Thailand’s baht posted its biggest weekly loss in three after Prime Minister Yingluck Shinawatra imposed a state of emergency in Bangkok, worsening the outlook for tourism and the economy.

The Constitutional Court will rule today on whether an election set for Feb. 2 can be delayed amid escalating violence in the capital. The Tourism Council of Thailand estimates anti-government protests that started Oct. 31 may cost the local travel industry 22.5 billion baht ($685 million) this quarter.
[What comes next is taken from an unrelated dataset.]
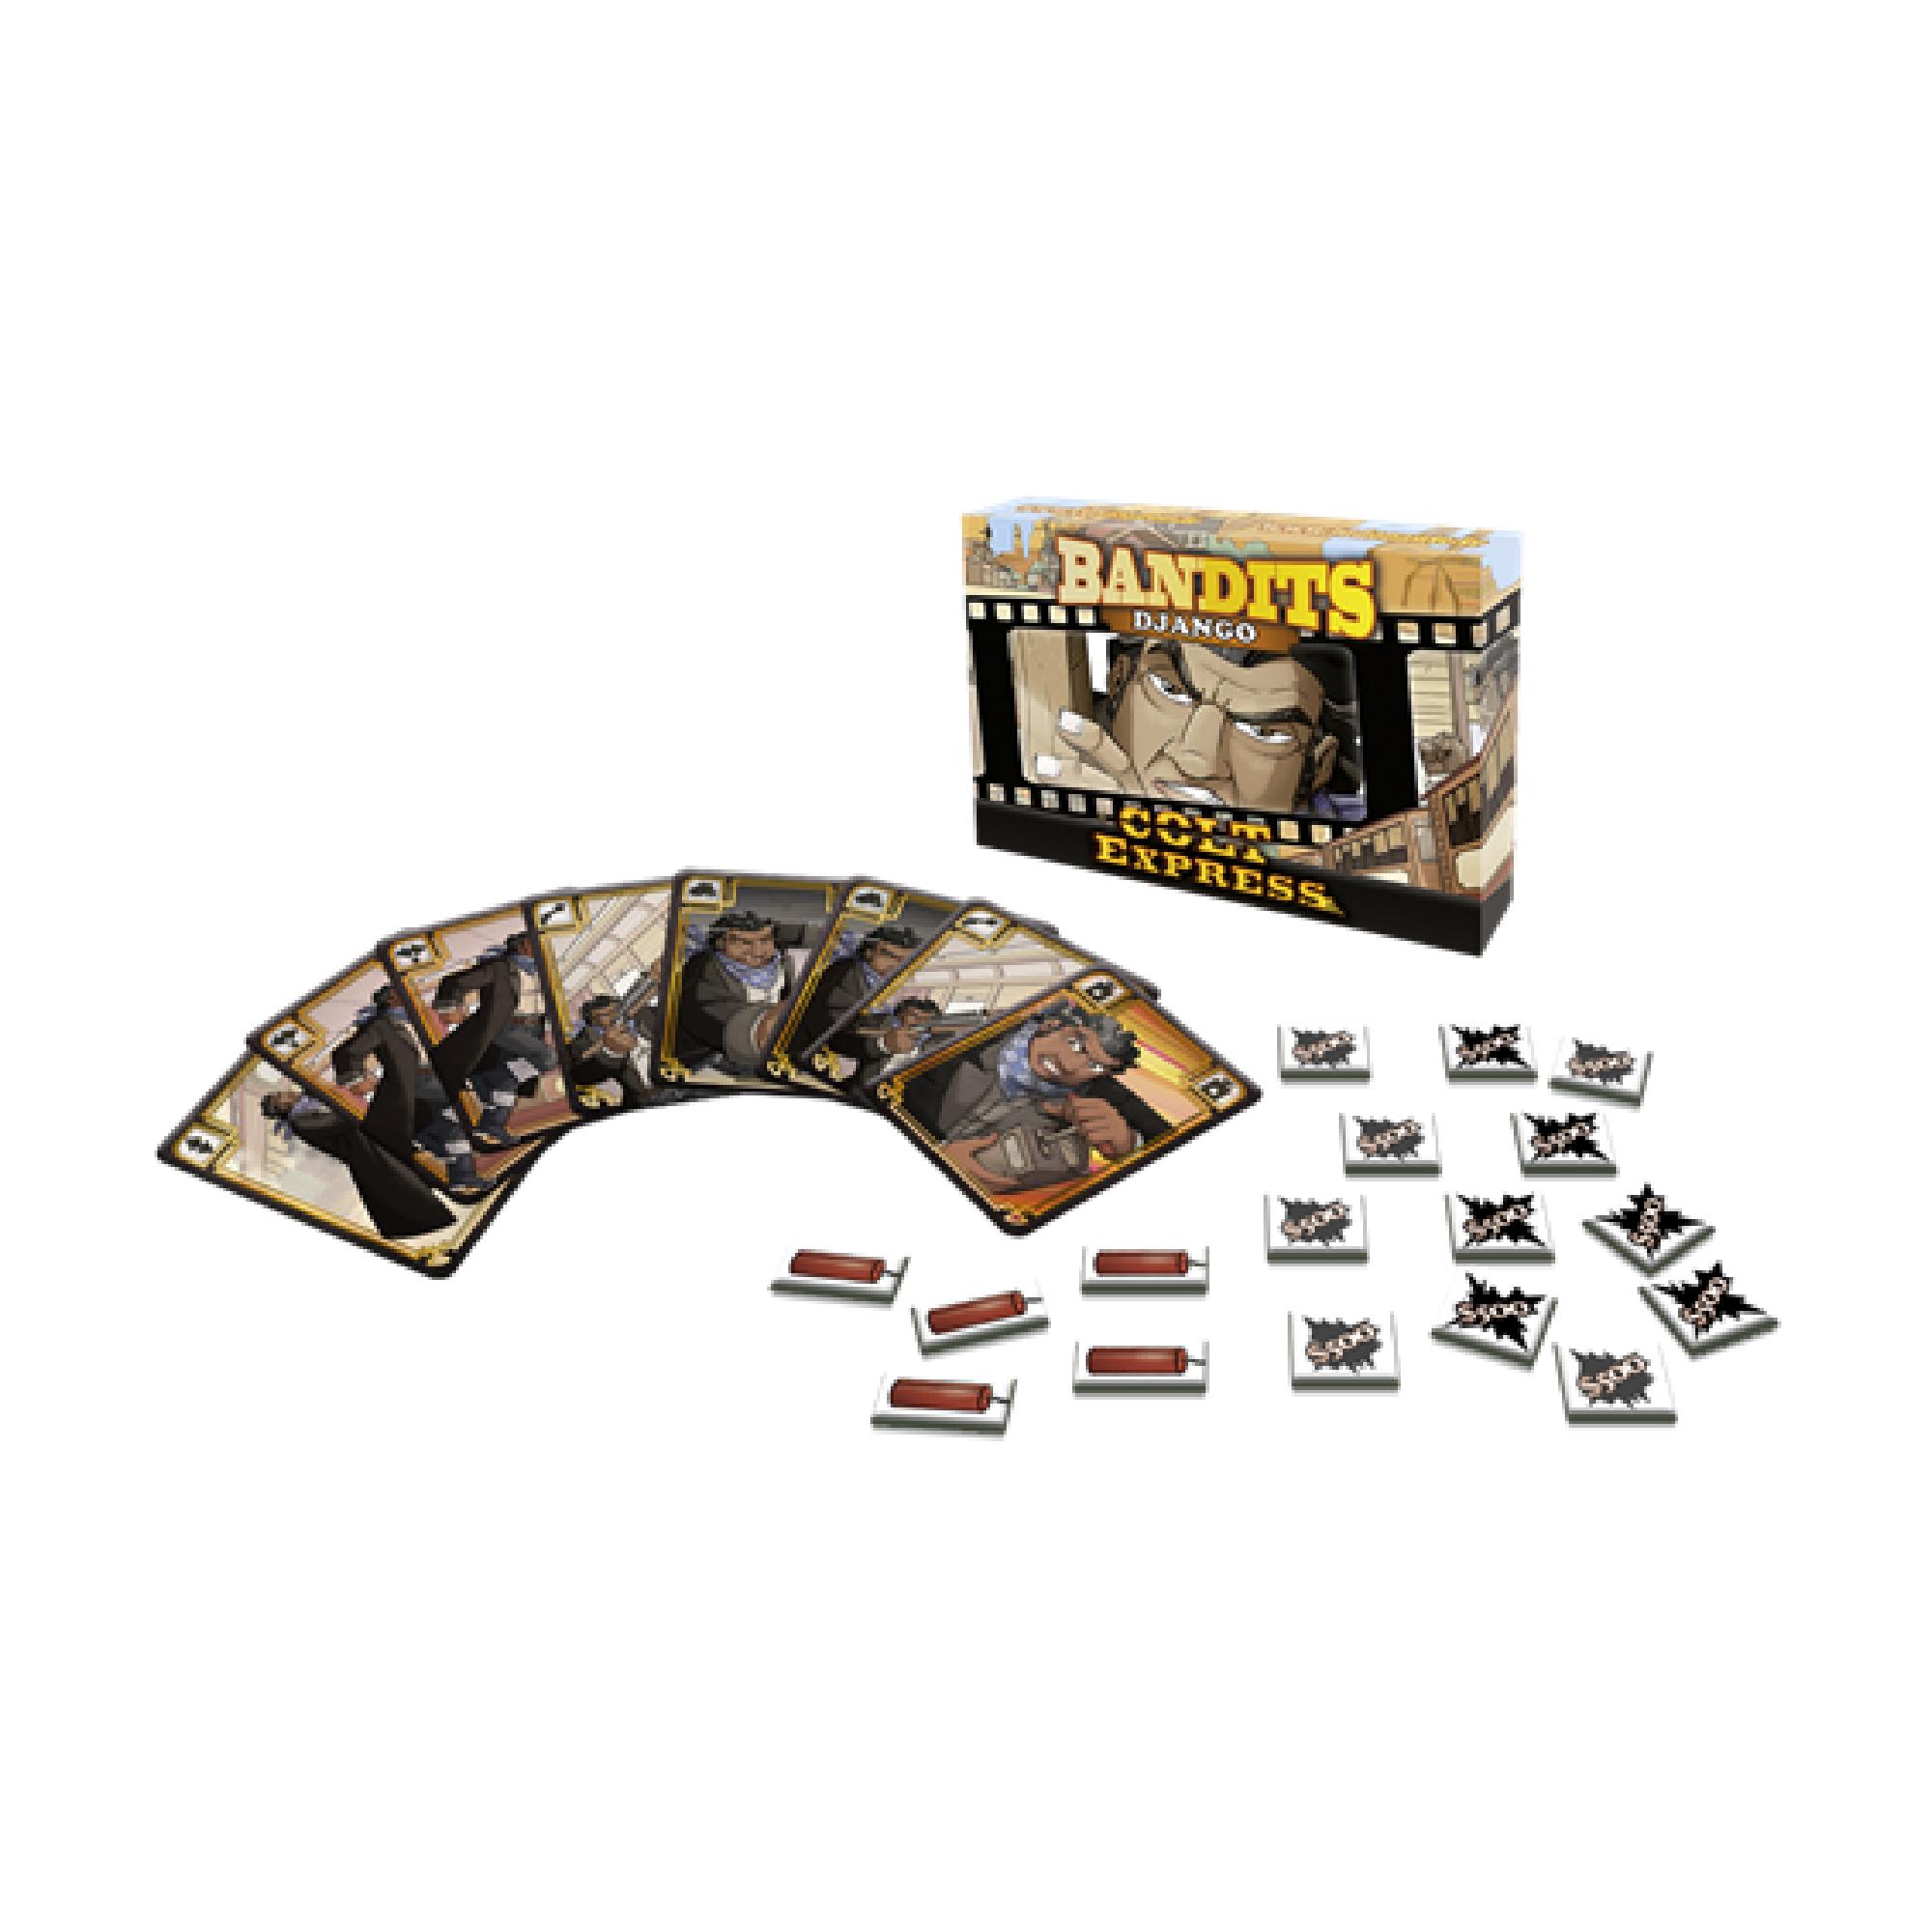 Ludonaute Colt Express Bandit Pack - Exp. Django

The central bank cut its 2014 economic growth forecast to about 3 percent this week from 4 percent, after unexpectedly holding its benchmark interest rate at 2.25 percent.
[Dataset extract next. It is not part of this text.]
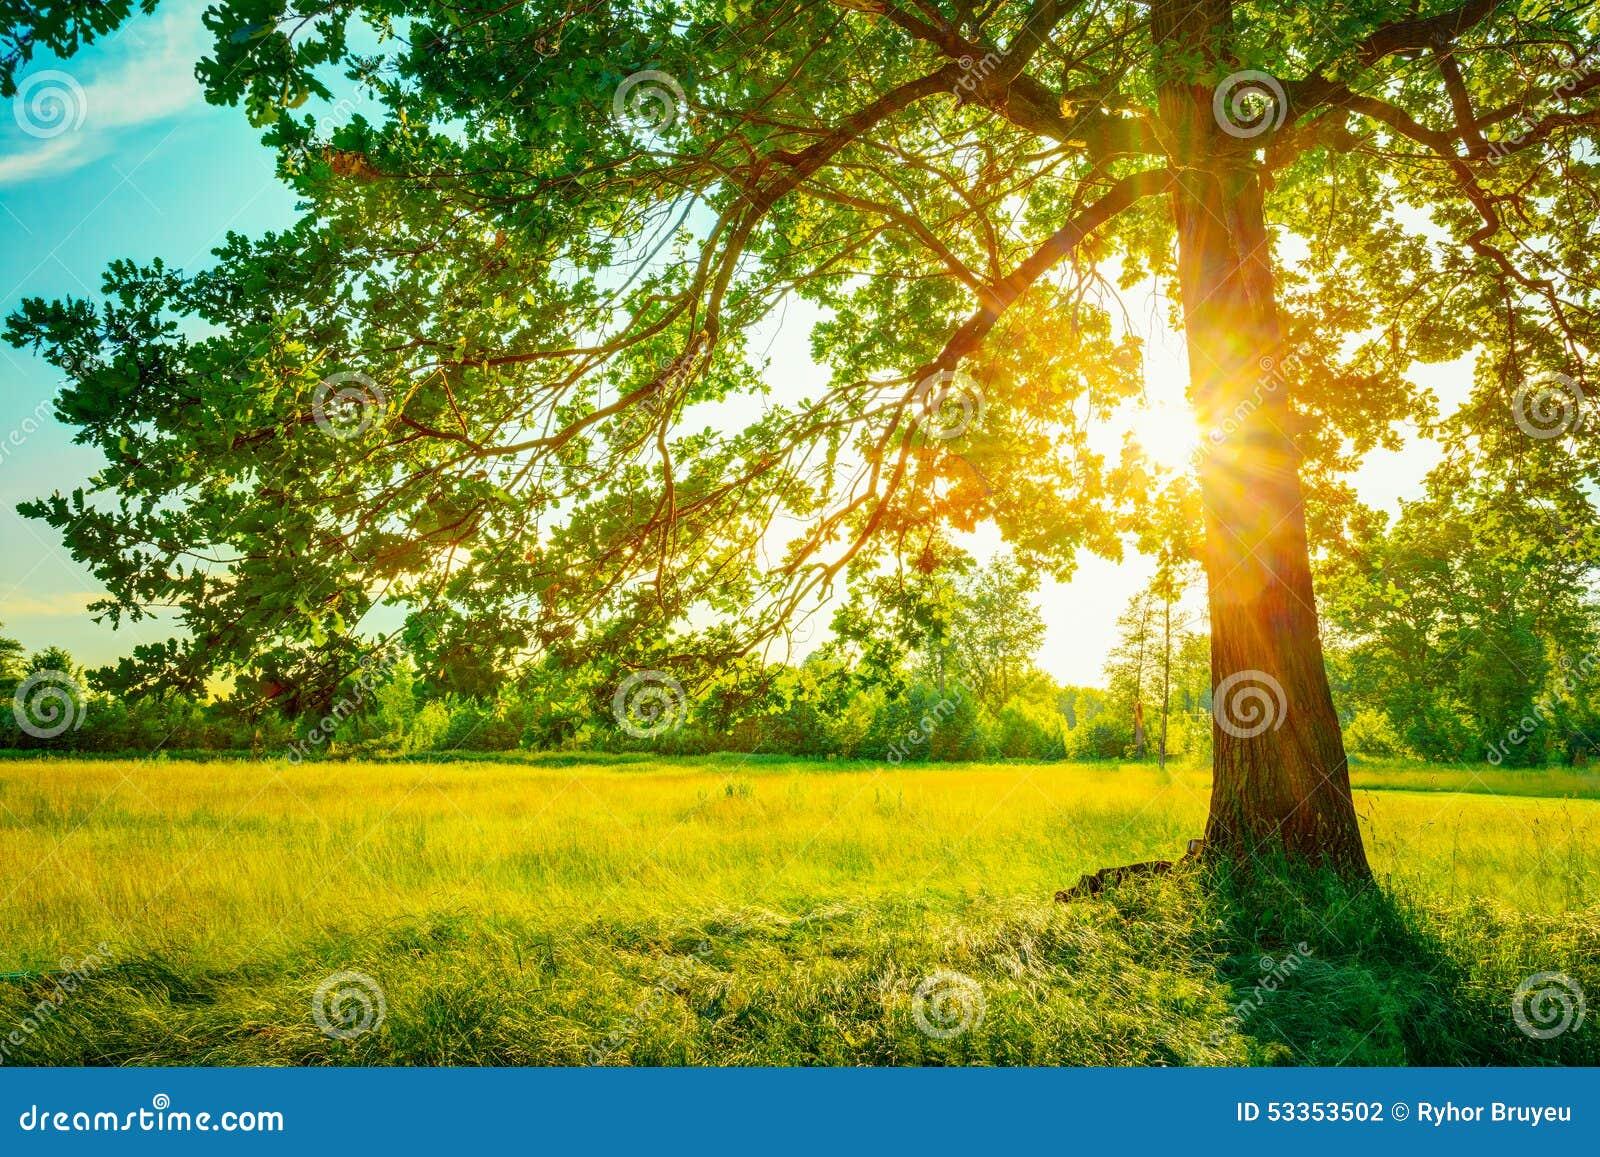 Verano Sunny Forest Trees And Green Grass Naturaleza

“The declaration of a state of emergency hurts tourism and the economic outlook, and that weighed on the baht,” said Disawat Tiaowvanich, a foreign-exchange trader at Bangkok Bank Pcl. “Markets got some support from a potential delay in elections, but that will only have a short-term impact.”
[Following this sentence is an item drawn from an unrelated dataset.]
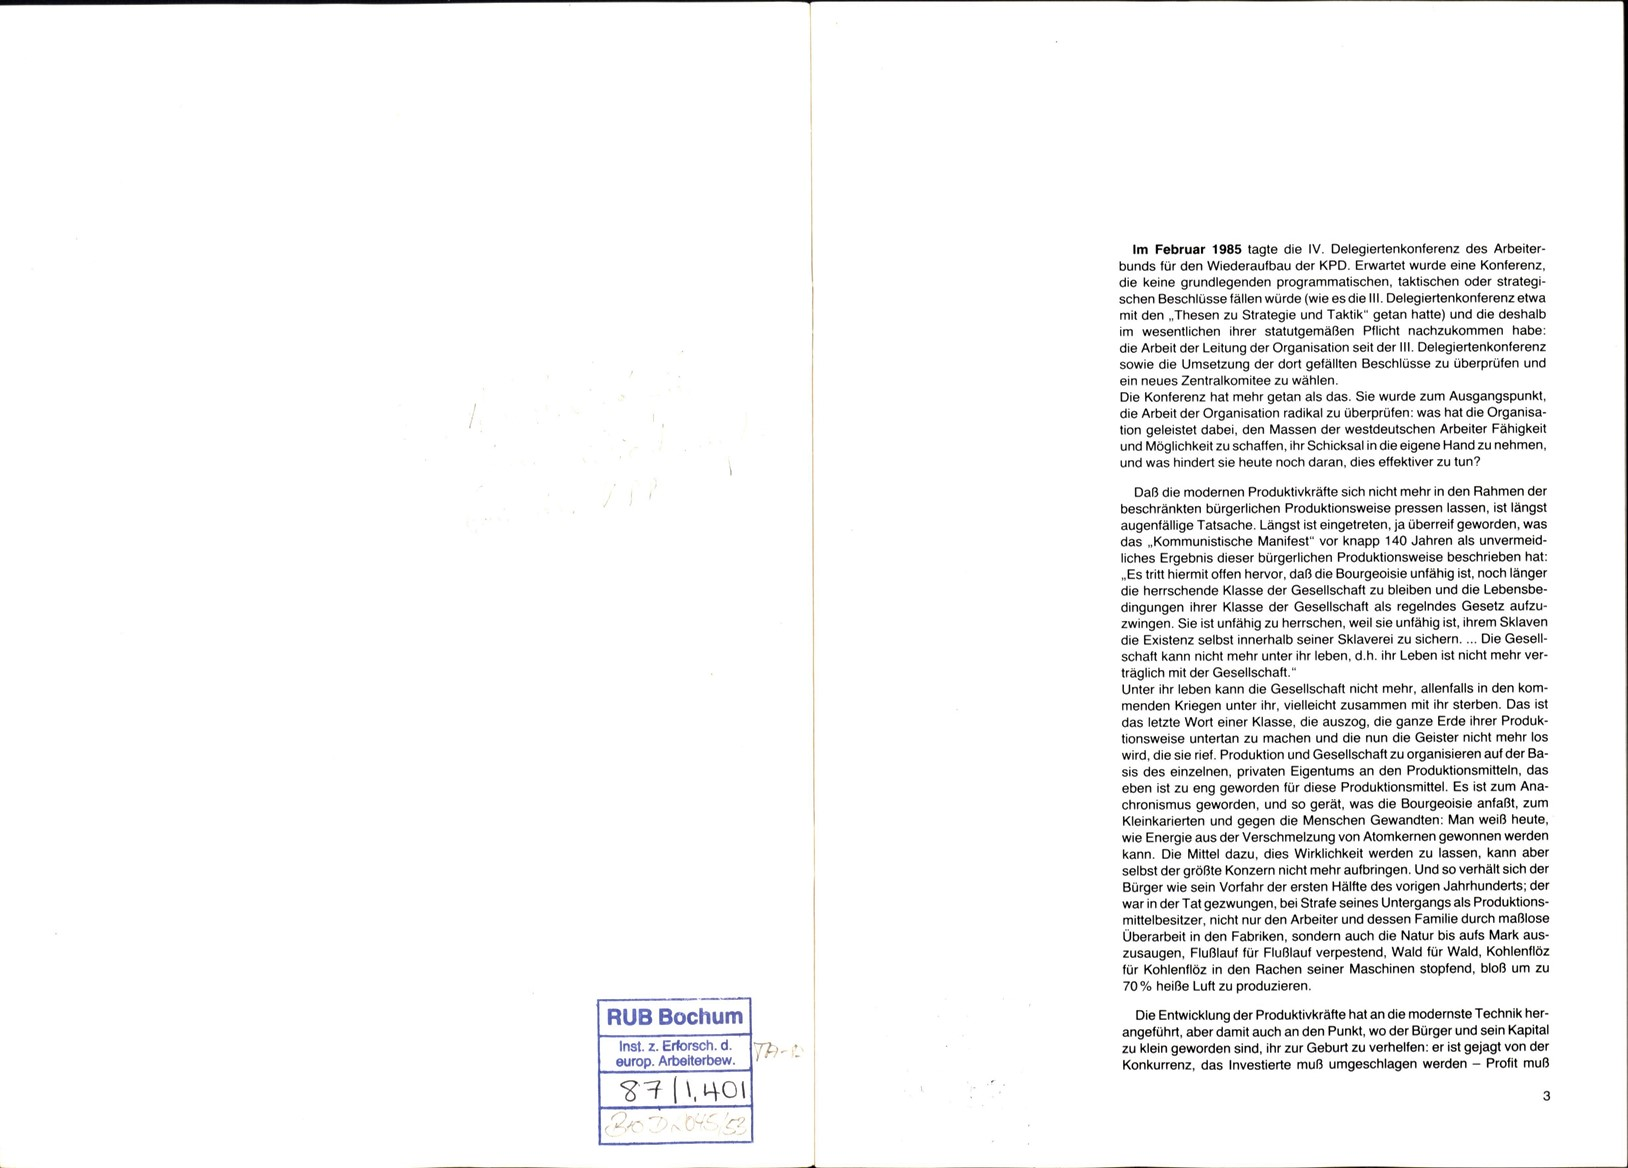 ABG_1985_Beschluesse_IV_Delegiertenkonferenz_03

The baht dropped 0.2 percent this week to 32.859 per dollar as of 3:52 p.m. in Bangkok, according to data compiled by Bloomberg. The currency rose 0.1 percent today, paring its decline since Oct. 31 to 5.3 percent. One-month implied volatility, a measure of expected moves in the exchange rate used to price options, rose five basis points from a week ago to 7.28 percent. The gauge was little changed today.

Protests Continue

The Constitutional Court said yesterday it accepted a petition from the Election Commission asking to determine whether the body or the government have the power to postpone the vote. Suthep Thaugsuban, an opposition politician leading the protests, has vowed to continue blockades of major Bangkok intersections that began on Jan. 13 until Yingluck resigns.

There have been no reports of major violence in Bangkok since Yingluck imposed the state of emergency on Jan. 22. Such a decree was last used to combat unrest in 2010, when the opposition Democrat party held power and oversaw a crackdown on protesters loyal to her brother, Thaksin Shinawatra.

The yield on the 3.125 percent government bonds due December 2015 declined one basis point, or 0.01 percentage point, to 2.42 percent today, according to data compiled by Bloomberg. The rate was steady this week.